Proof: Consider the spiral similarity that maps $(AEF)$ to $(ABC)$. $F$ is sent to $B$, $E$ to $C$ so we need that $A$ is mapped to $A'$. as $HAA'=90^\circ$, $AA'$ is tangent to $(AEF)$, so by properties of spiral simiarities, the lemma is proven.

Now, let $H'$ be the intersection of the circle with radius $HK$ with center $K$ with $(ABC)$. Let $A'$ be the point s.t. $AA'\parallel BC$, with $A'\in (ABC)$, and $Q$ be the $A$-queue point.

Claim 1:$QK=KH$
proof. $KH$ is tangent to $(AEF)$ as $KH\perp AD$.
Now, as $(Q,H;E,F)=-1$ and $K\in EF$ we have that $KQ$ has to be tangent as well, which implies the conclusion.

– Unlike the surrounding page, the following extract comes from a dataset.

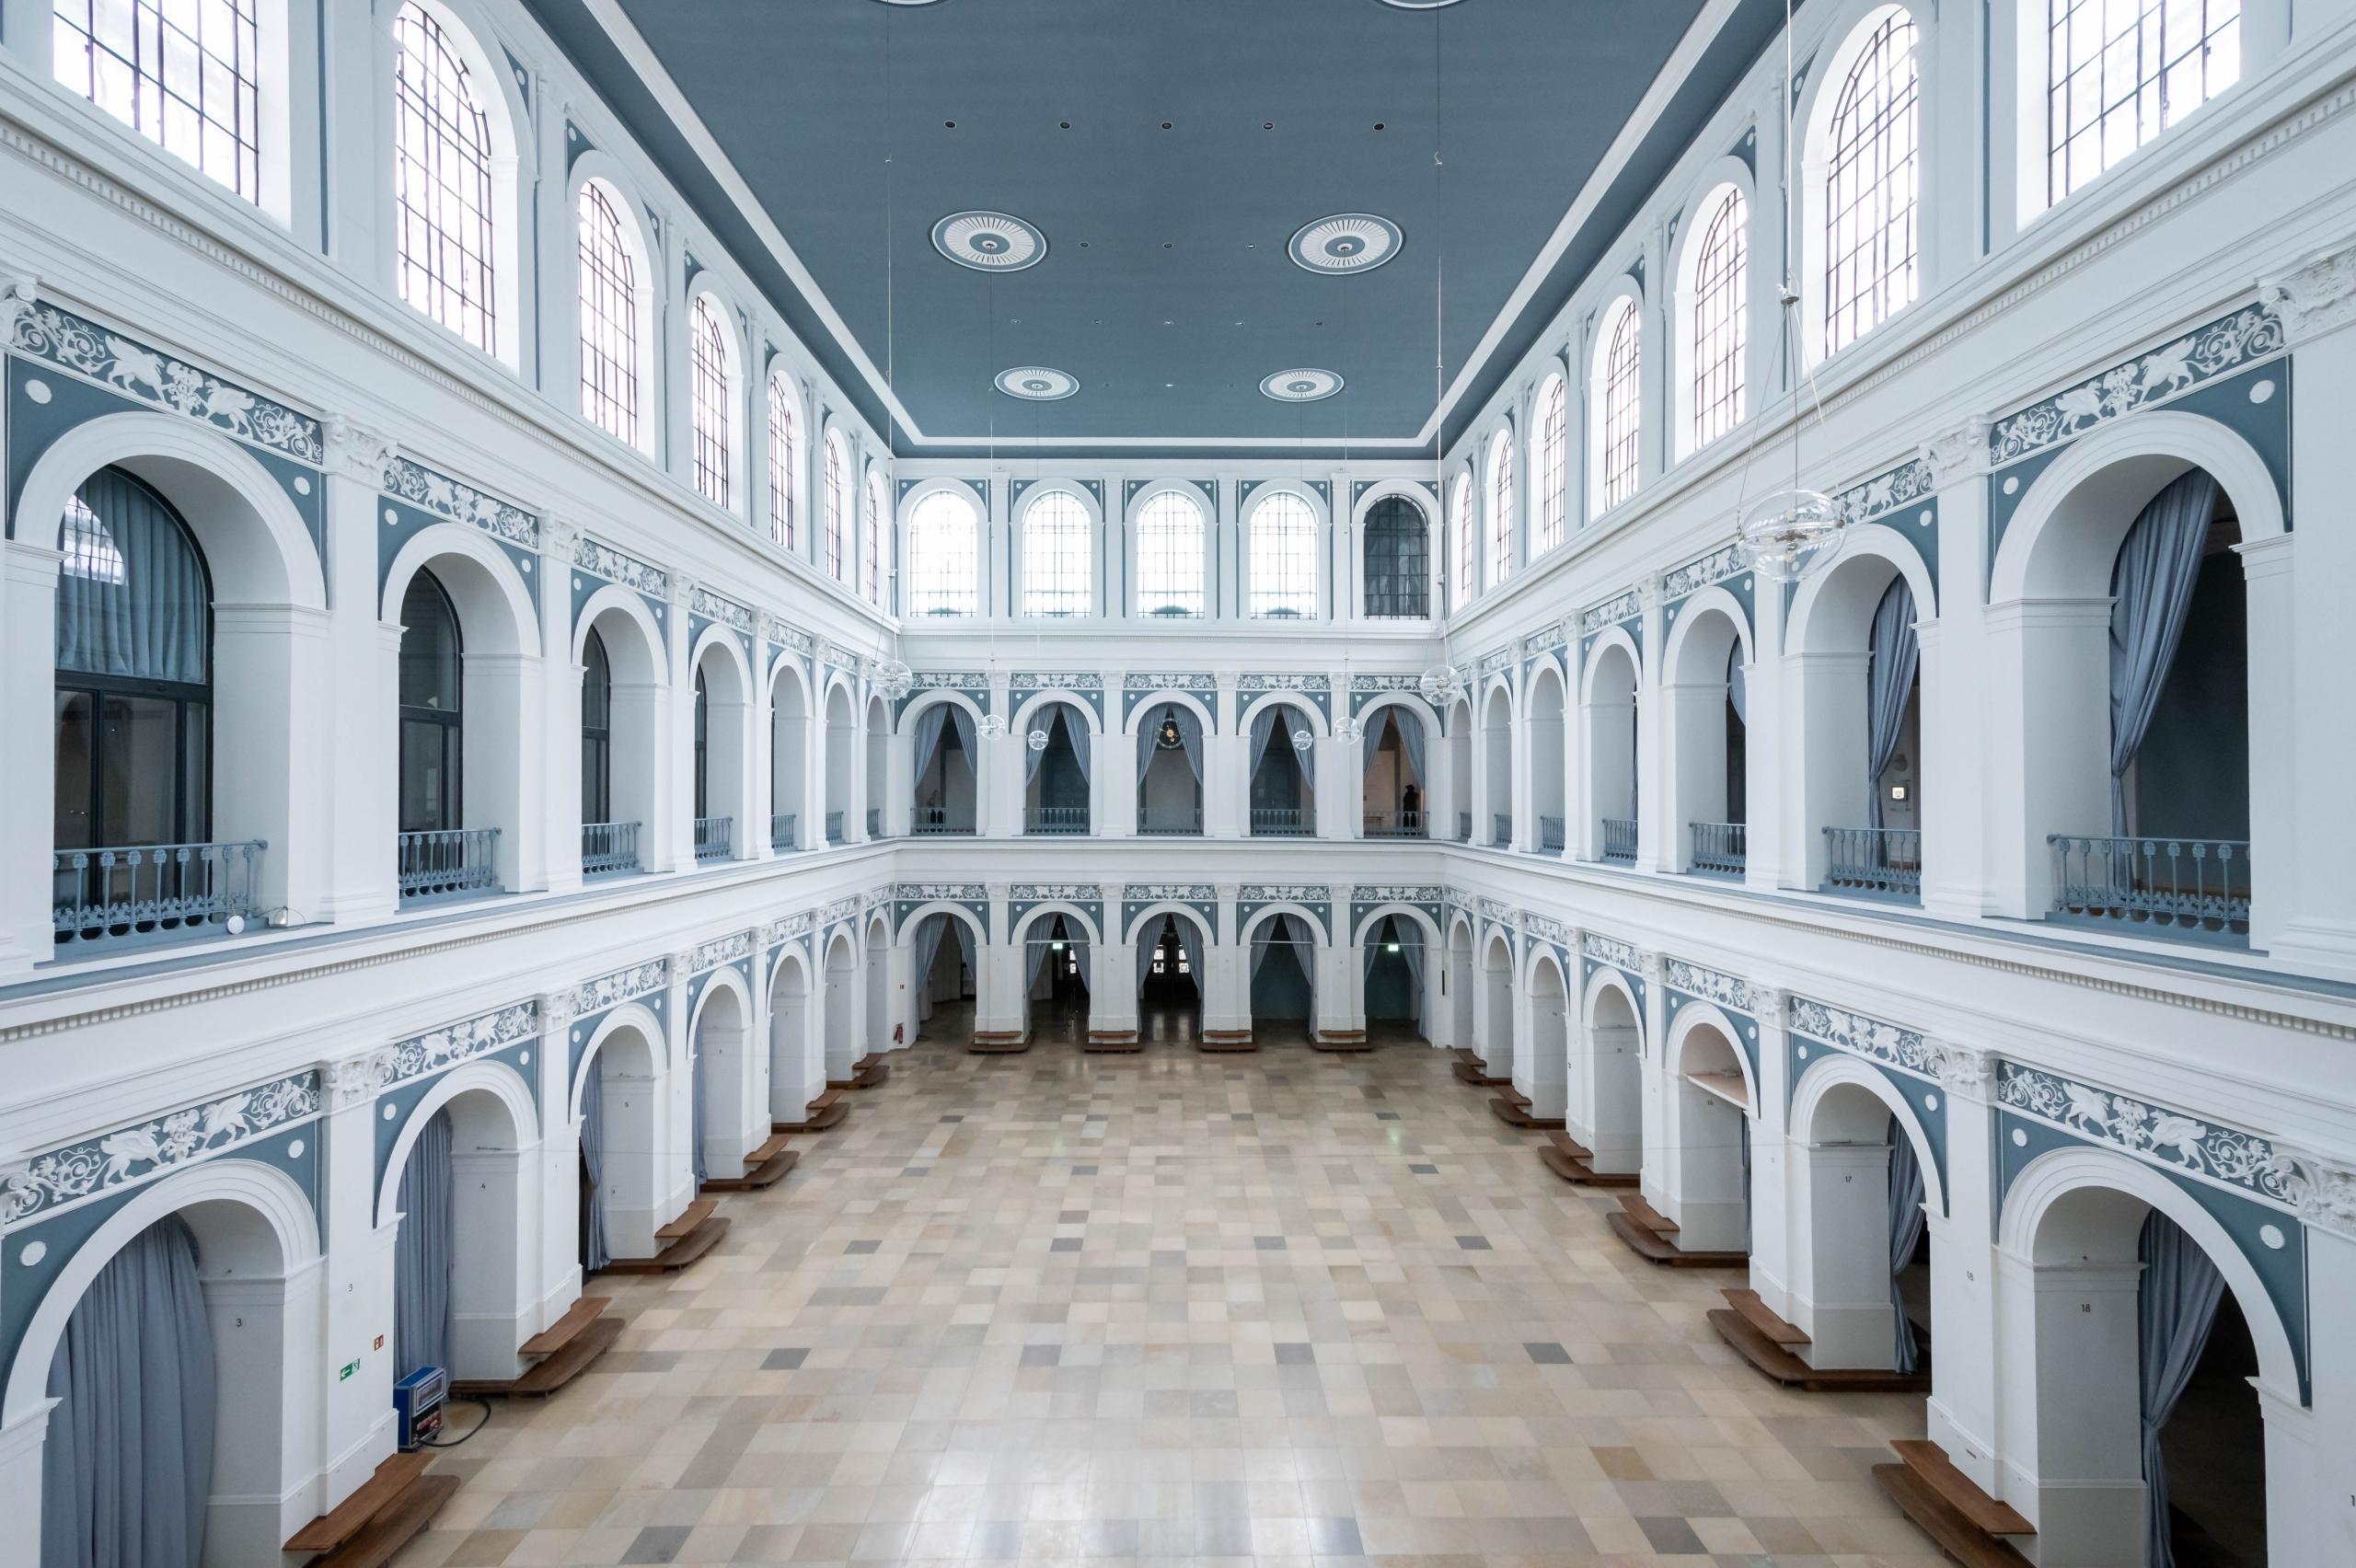 Handelskammer Hamburg, Hallen

Now by claim $1$, we have that $K$ is the center of $(QKH)'$ and $(QKH')$ is tangent to $AD$.
Claim 2: $H,H',A'$ is collinear.
proof: By lemma, $\measuredangle QFA = \measuredangle QBA'$, so $\measuredangle QHH' = \measuredangle QHA = \measuredangle QFA = \measuredangle QBA' =\measuredangle QH'A'$ as desired.

to finish, by claim 2 we have $\angle A'H'L = 90^\circ$, where $L=(ABC)\cap AD$, but by the reflection of orthocenter lemma, $D$ is the midpoint of $HL$, so $DH'=DL=DH$ so as $KH'=KH$, $KD$ is the perpendicular bisector of $HH'$ as desired.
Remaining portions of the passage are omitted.